If you are born in Canada, you can expect to live a much healthier life than if you are born in Cameroon.

These disparities are what the global health community increasingly understand as health inequities — differences in health that are avoidable and unfair. Yet views on how states should respond differ considerably depending on whether you believe that doing so requires a charitable response to misfortune or whether it provokes moral and legal responsibilities to respond to injustice.

Professor Lisa Forman is a leading international human rights law scholar who believes the latter and is leveraging her Canada Research Chair, awarded April 9, 2015, to advance health as a human right for all as an integral component of responses to global health equity.

“The right to health is a fundamental human right recognized in international law that can help political and health leaders to better address global health inequities,” said Forman, Lupina Assistant Professor in Global Health and Human Rights at the Dalla Lana School of Public Health.

Supported by CRC funding, Forman’s research seeks to strengthen the international legal framework on the right to health to better respond to global health inequity in a number of ways.

“For example, there’s a loophole in the right to health argument that permits states to deny health care on the basis of limited resources, including for the poorest and most vulnerable populations,” said Forman, who is also director of the Comparative Program on Health and Society, a health fellowship program funded by the Lupina Foundation, which supports graduate research across U of T on the social determinants of health.

Forman explains that international lawyers have tried to fix this loophole by developing the idea of “minimum core obligations” to meet essential health needs that cannot be denied under any circumstances.

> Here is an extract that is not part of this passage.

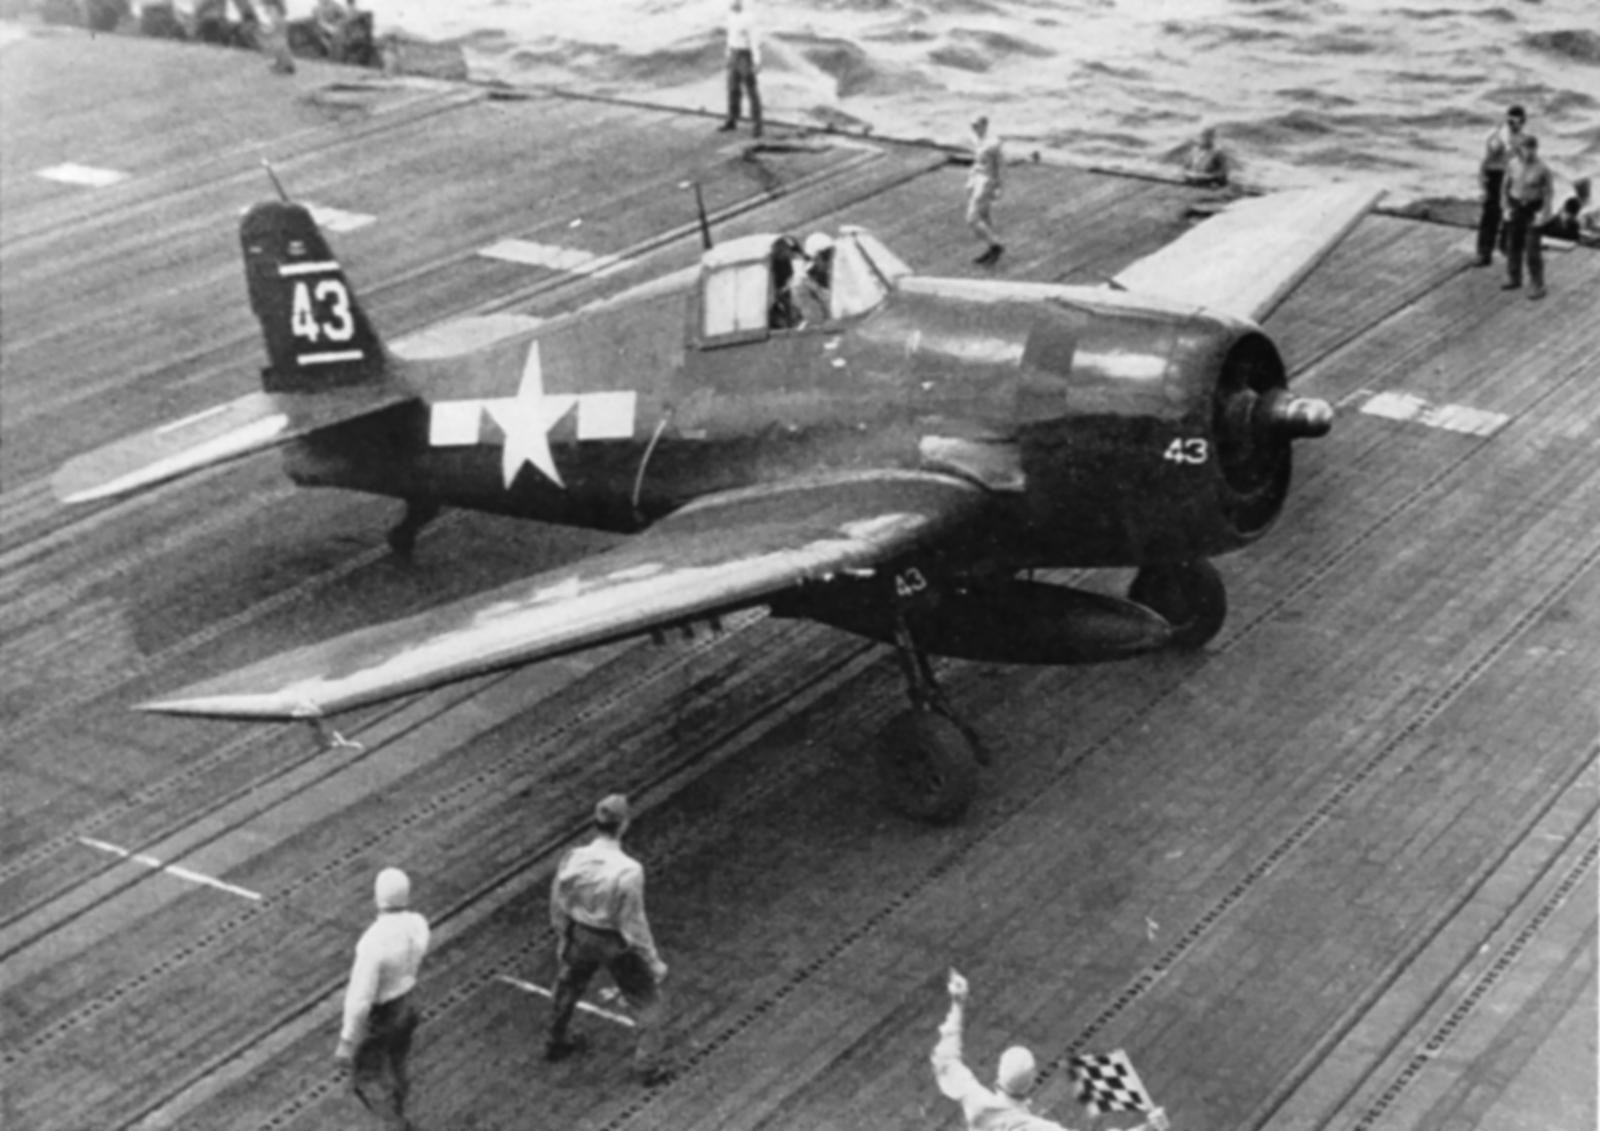 Grumman F6F 3 Hellcat VF 8 White 43 aboard CV 17 USS Bunker Hill off Saipan 01
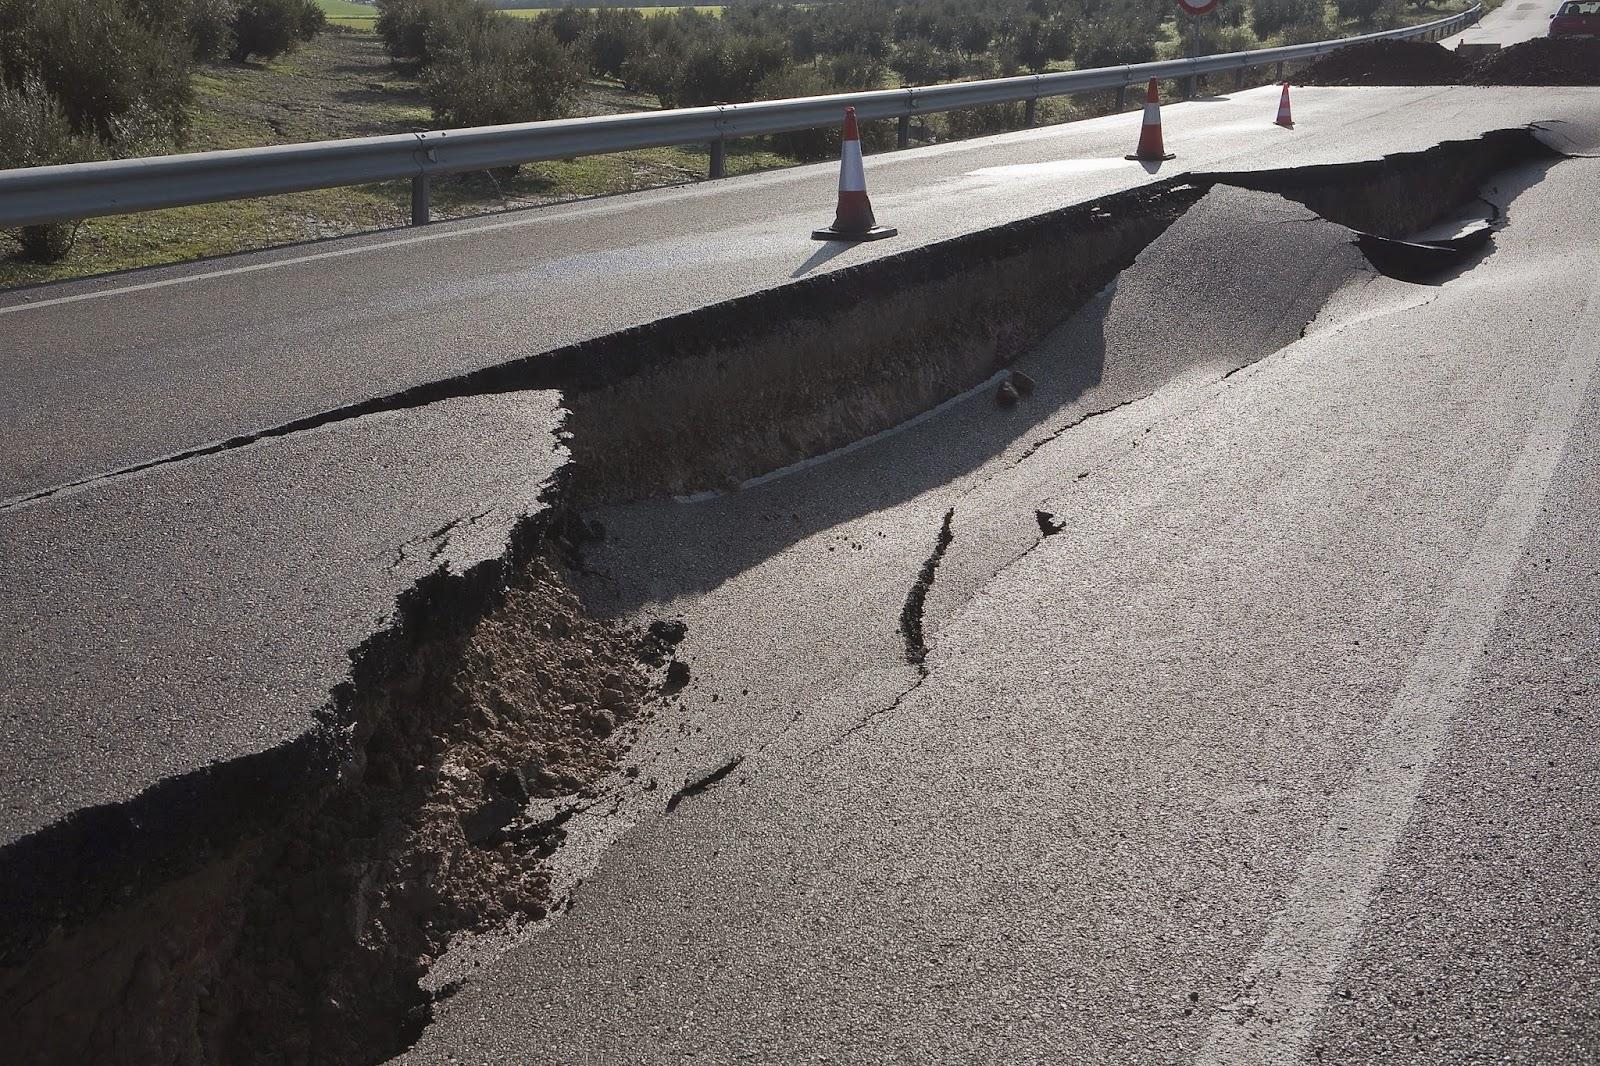 Road damaged by a sinkhole

Lawyers and policy-makers around the world have adopted this idea, but the definition of minimum core obligations does not specify the health needs it covers and it fails to specify the obligations of wealthier countries to assist poor countries to meet core obligations.

“These gaps in the definition limit the ability of the right to health to protect people’s health against government inaction and cuts in international health funding,” said Forman.

“My research proposes to fill this gap by analyzing how courts and scholars around the world have interpreted this concept, and using this analysis to reconceptualise how we define and implement minimum core obligations.”

Professor Forman’s work is recognized in the U of T community, nationally and internationally. She is the co-recipient of the 2015 Ludwig and Estelle Jus Memorial Human Rights Prize, an annual recognition of lasting contributions to the U of T community in terms of education and action against discrimination. She shares this year’s Jus Prize with U of T’s Faculty of Law’s International Human Rights Program and will accept the award at a formal presentation ceremony on April 13, 2015.

With almost 20 years of experience in health and human rights, Forman says the recent accolades are warm encouragement for what continues to be a small and often highly contested area of scholarship and practice, and she hopes to leverage the CRC to grow the field by supporting student research in this area.

“By training more students, we are teaching future activists, scholars, practitioners and policy-makers about the right to health in international law and the importance of adopting a human rights-based approach to health.

Building the field could have modest but significant down-stream influences on domestic and global policy on health, particularly as we try advance towards global health equity goals like universal health coverage.”

Photo: Lisa Forman (third from left) participates in a panel discussion about Power, Politics and Privilege at U of T’s Global Health Summit in November 2014.